*What is needed*
Once you reach the line with "Indonesian Soccer Player" below, copy each line exactly, stopping after the line with "Taiwan bandiera nazionale", and skip any pictures.

*Recorded information*
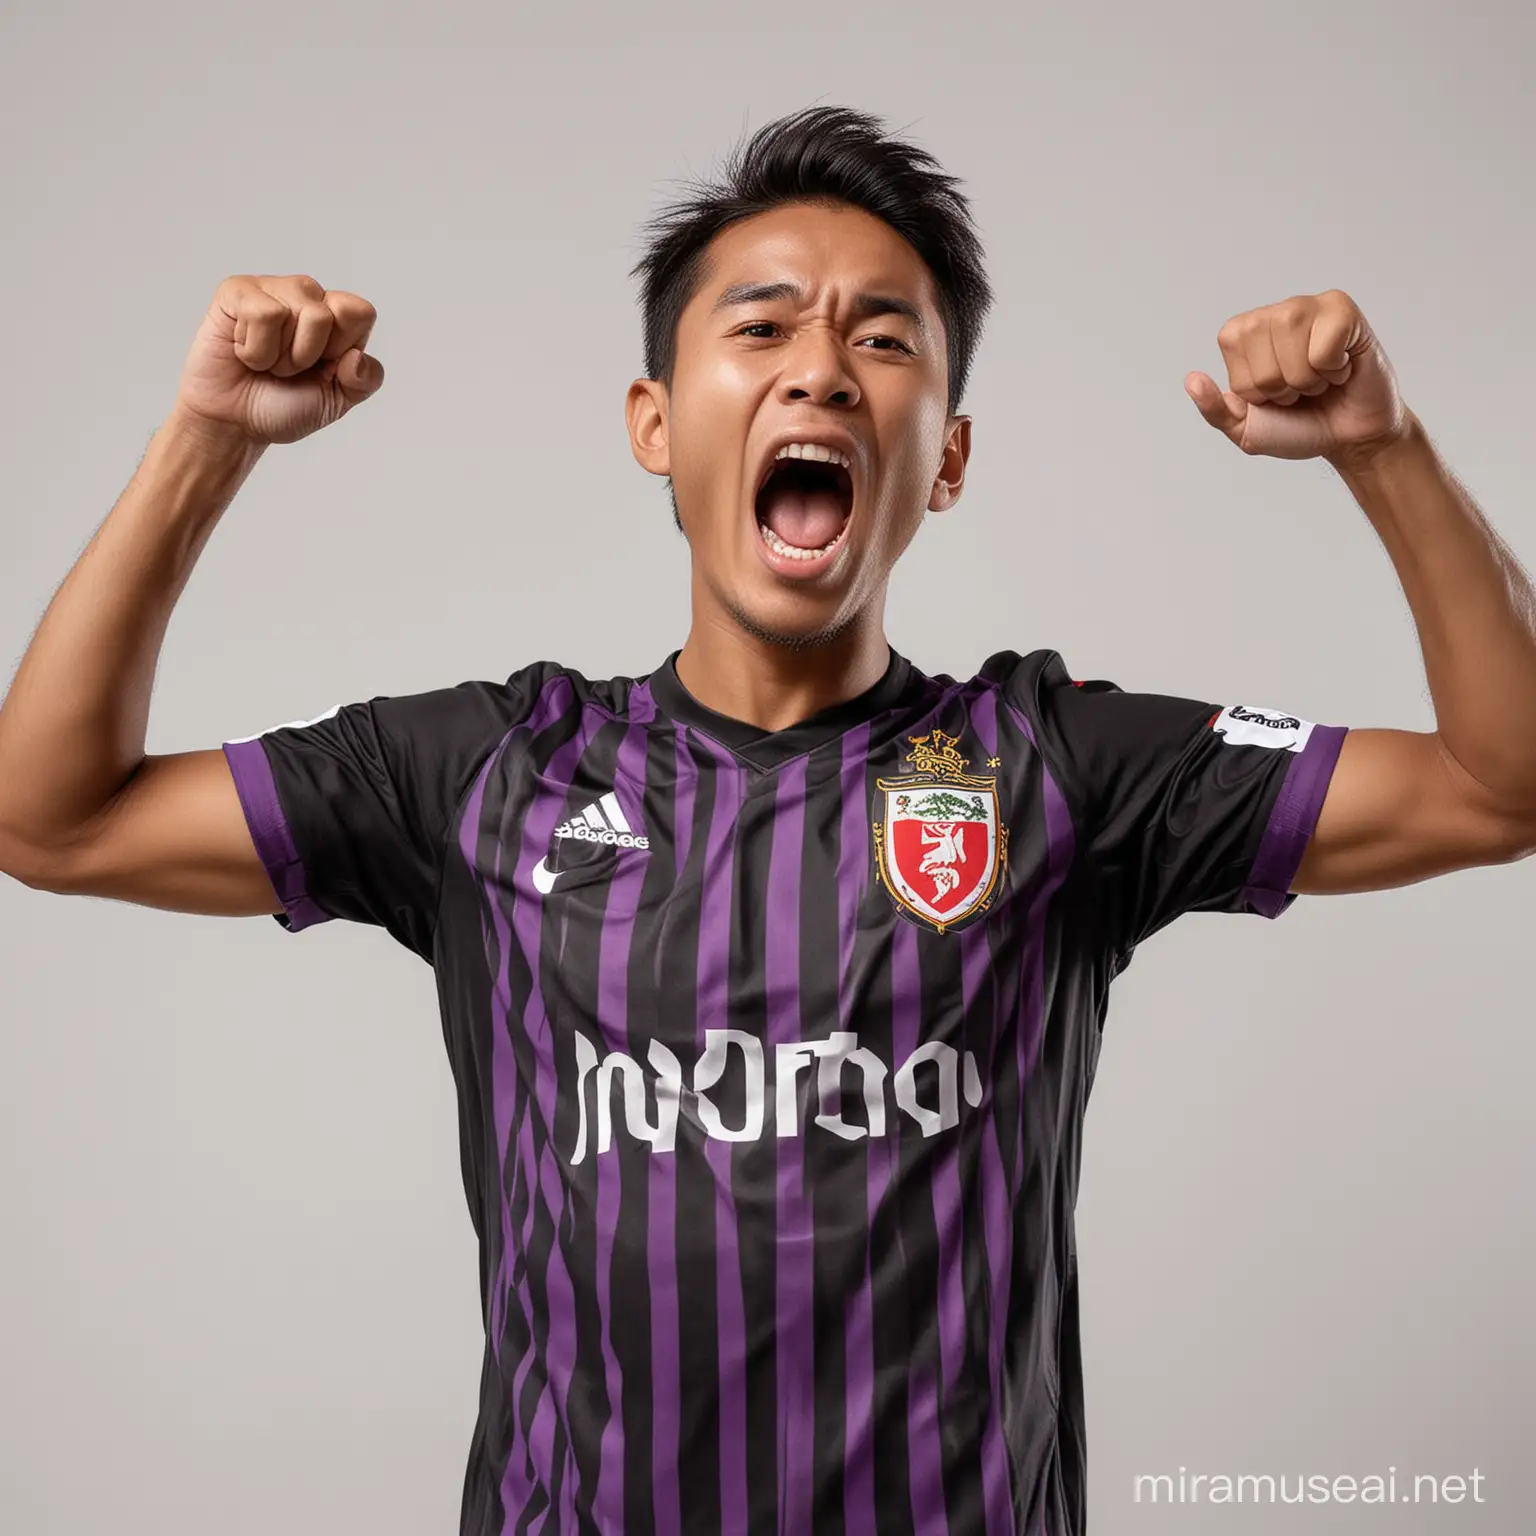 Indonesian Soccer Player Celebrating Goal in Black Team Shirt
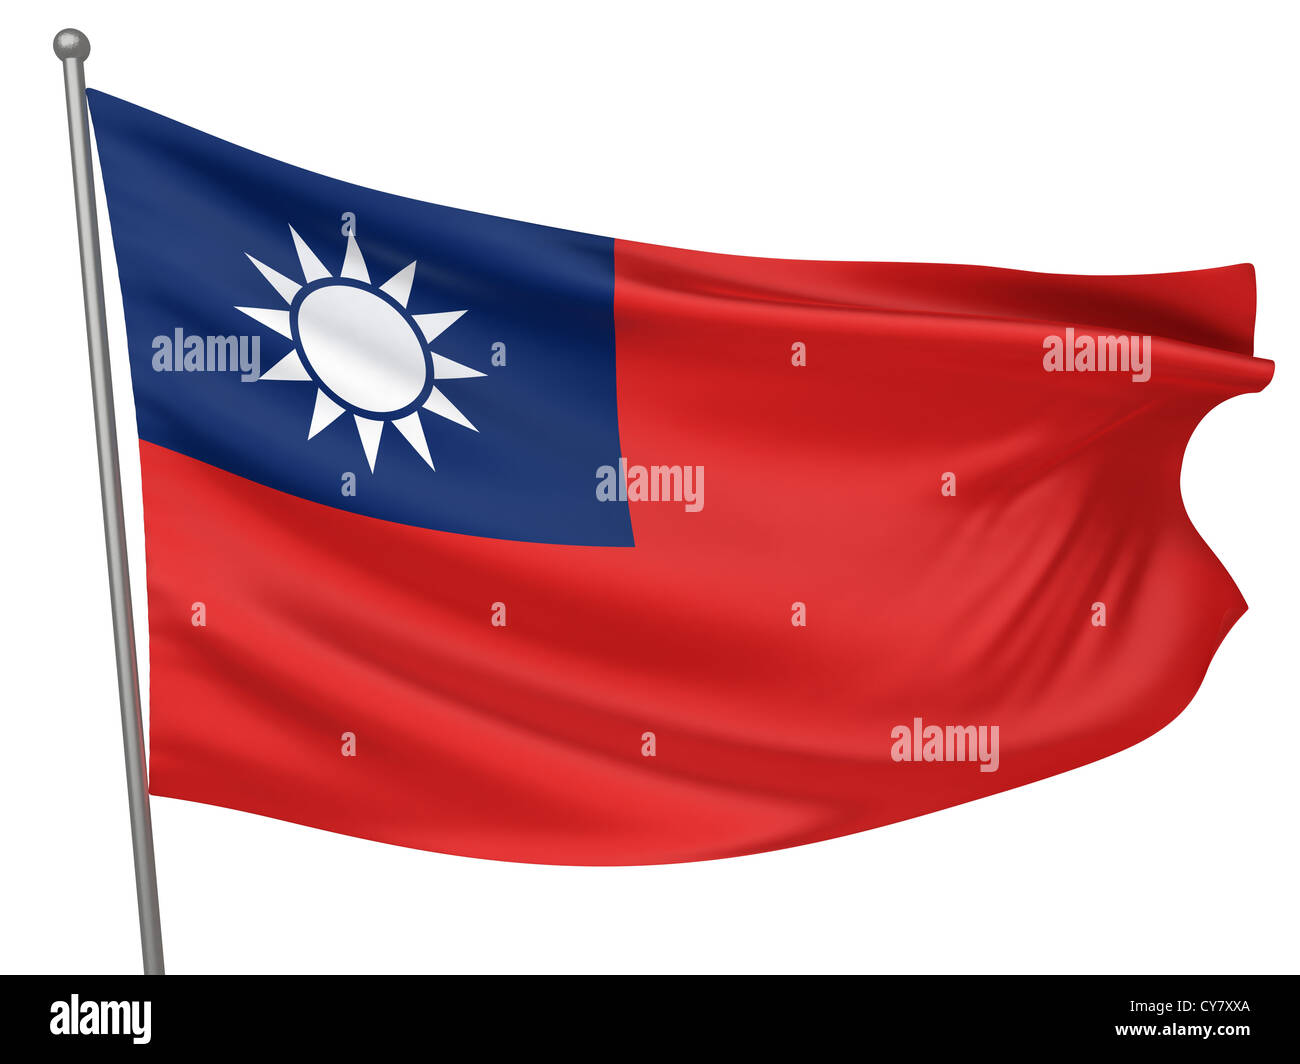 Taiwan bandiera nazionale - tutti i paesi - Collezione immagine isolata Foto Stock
==
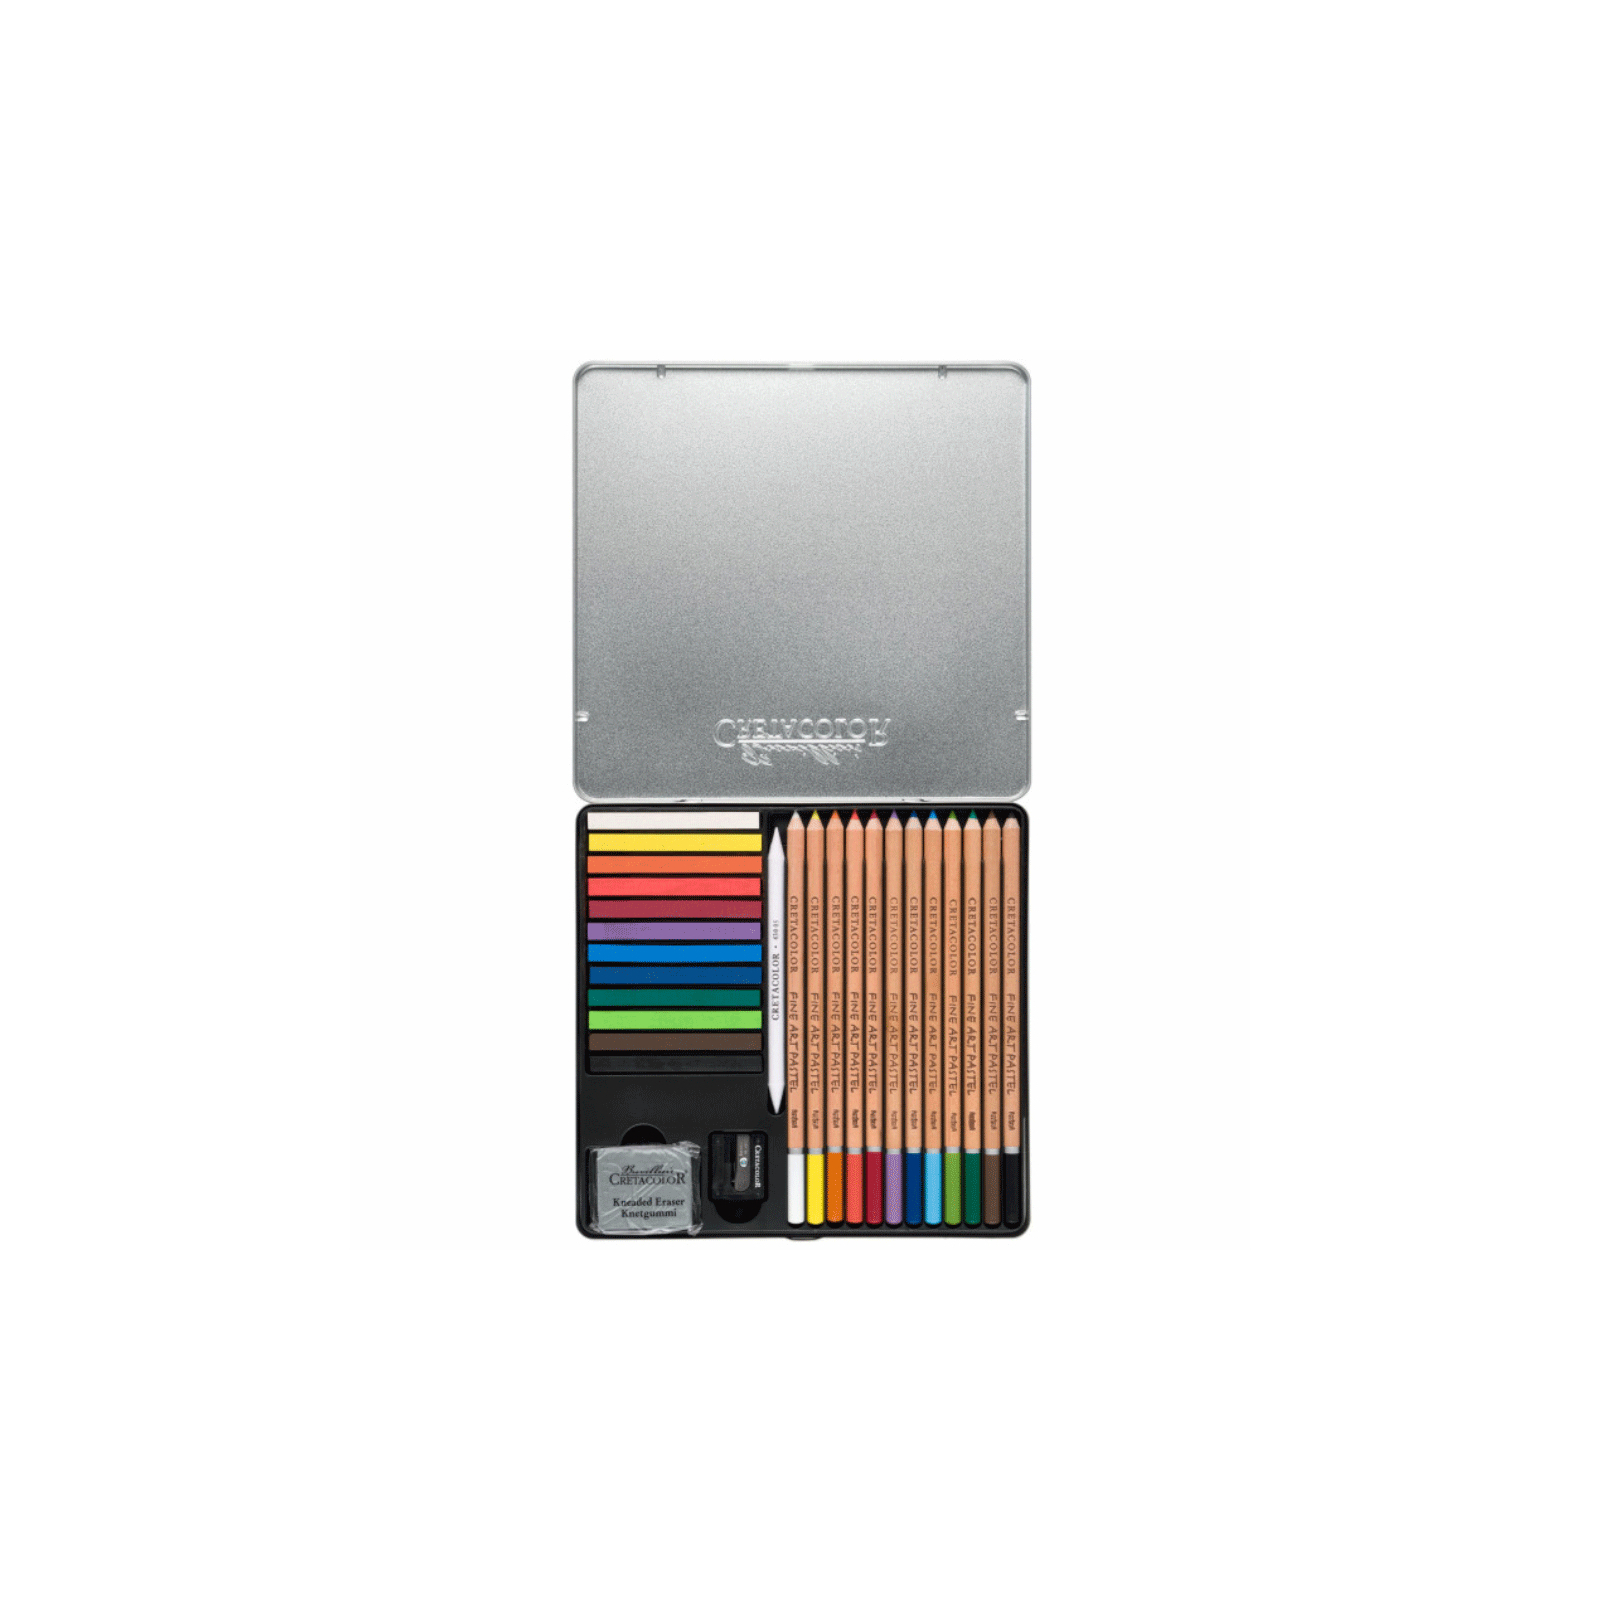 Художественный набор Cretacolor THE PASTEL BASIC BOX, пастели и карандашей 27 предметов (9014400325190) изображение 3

*Completed task*
 Indonesian Soccer Player Celebrating Goal in Black Team Shirt
 Taiwan bandiera nazionale - tutti i paesi - Collezione immagine isolata Foto Stock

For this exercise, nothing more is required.